BEGIN Dataset records

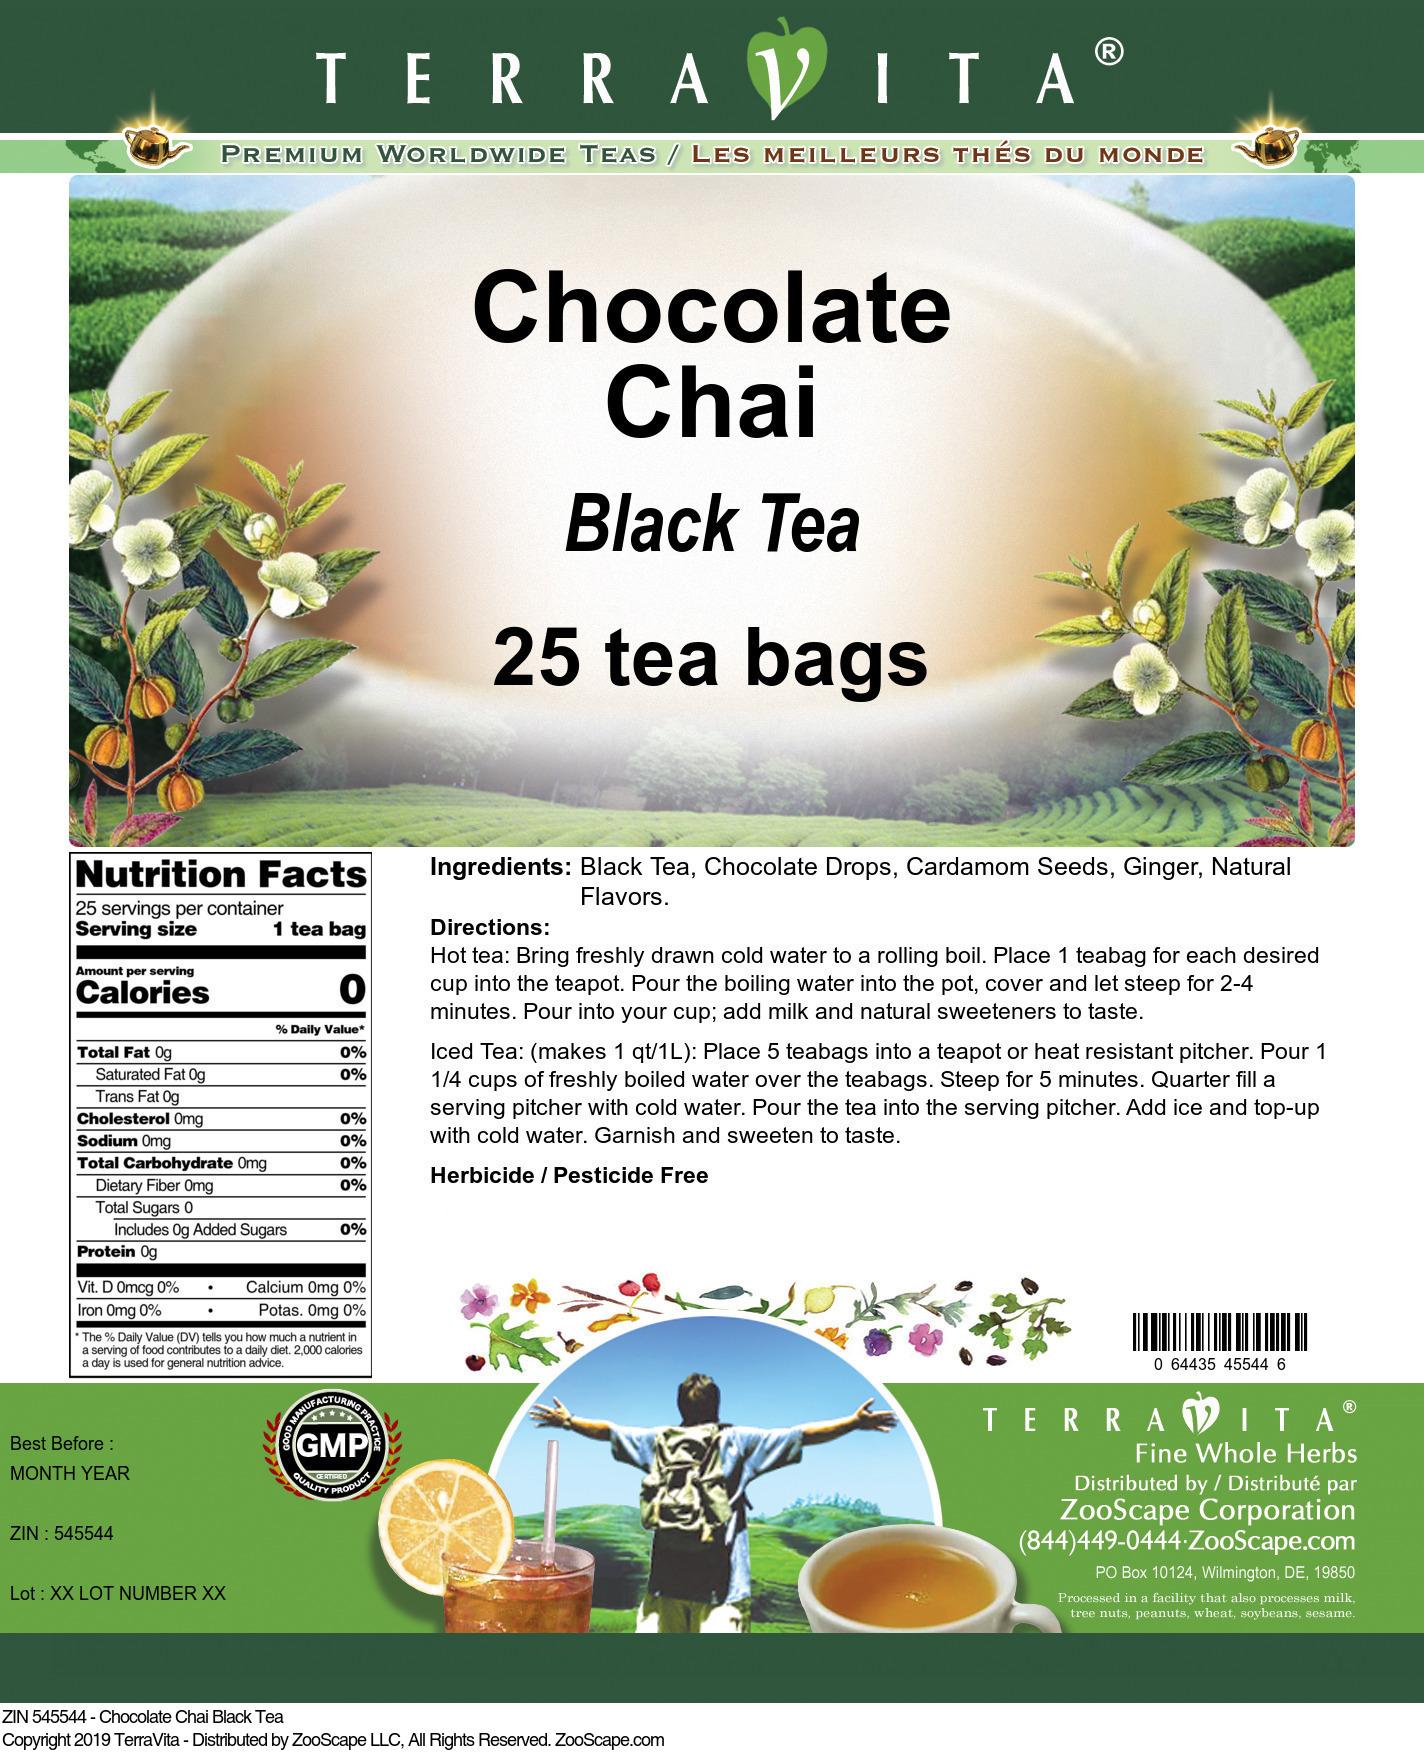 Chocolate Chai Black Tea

END Dataset records
BEGIN Dataset records

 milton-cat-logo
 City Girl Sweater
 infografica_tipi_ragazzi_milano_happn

END Dataset records
BEGIN Dataset records

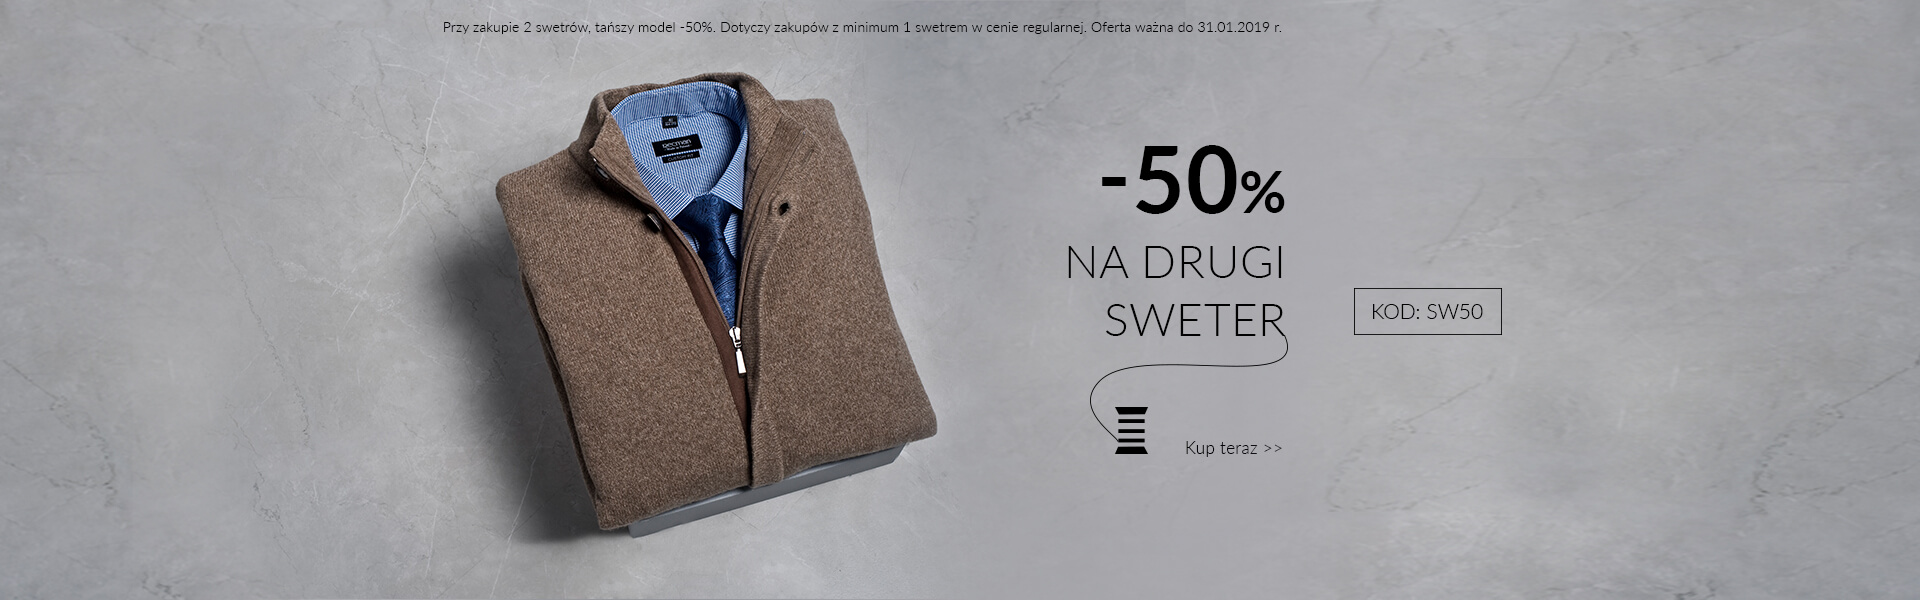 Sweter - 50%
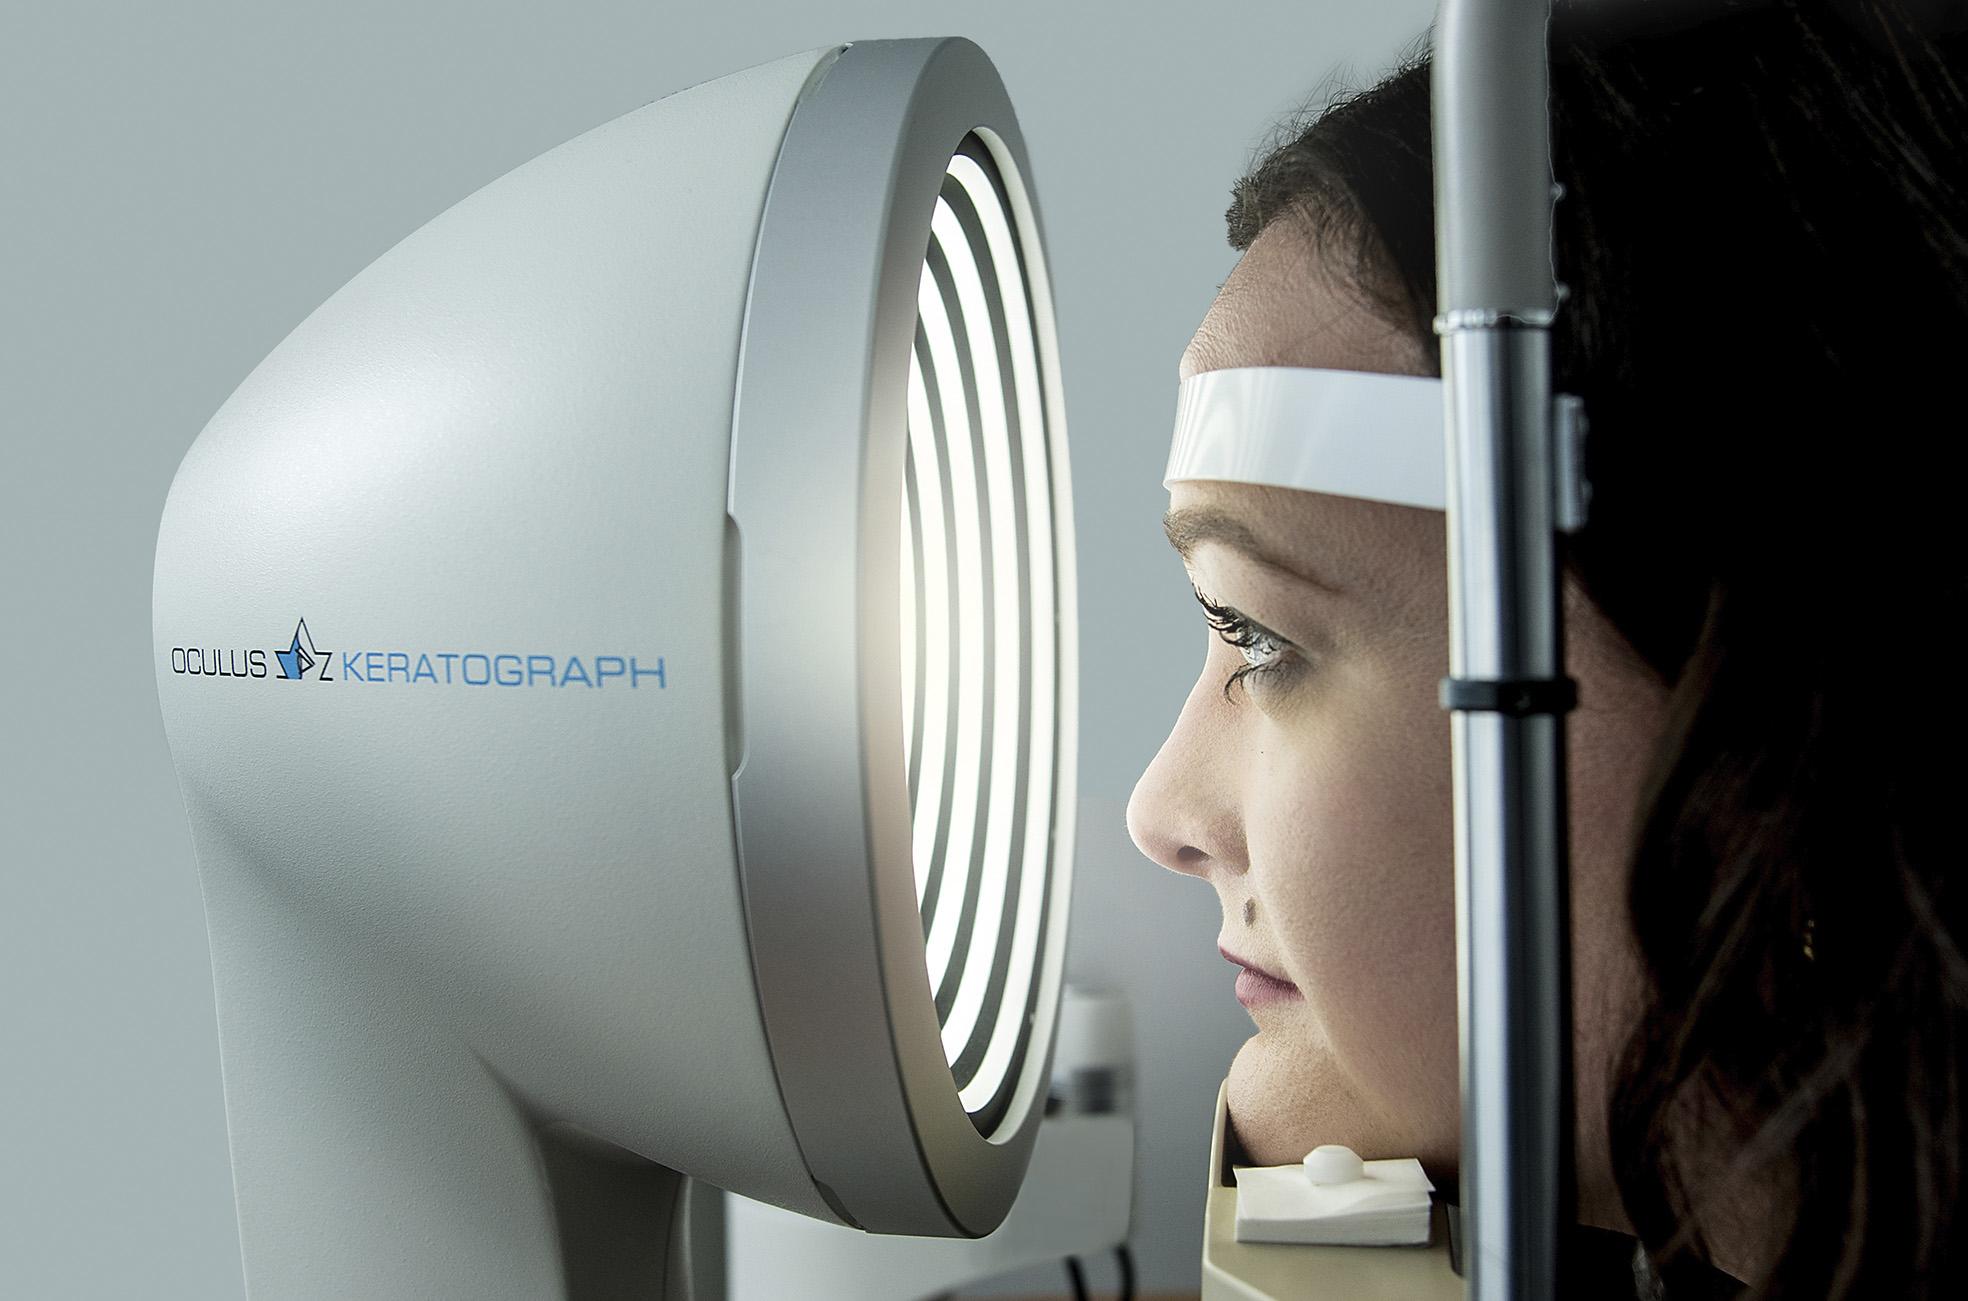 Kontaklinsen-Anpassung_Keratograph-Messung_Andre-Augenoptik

END Dataset records

▸ **Prompt**
Of the entries above, repeat exactly the lines between the line with "City Girl Sweater" and the line with "infografica_tipi_ragazzi_milano_happn", inclusive, and no others.

▸ **Answer section**
 City Girl Sweater
 infografica_tipi_ragazzi_milano_happn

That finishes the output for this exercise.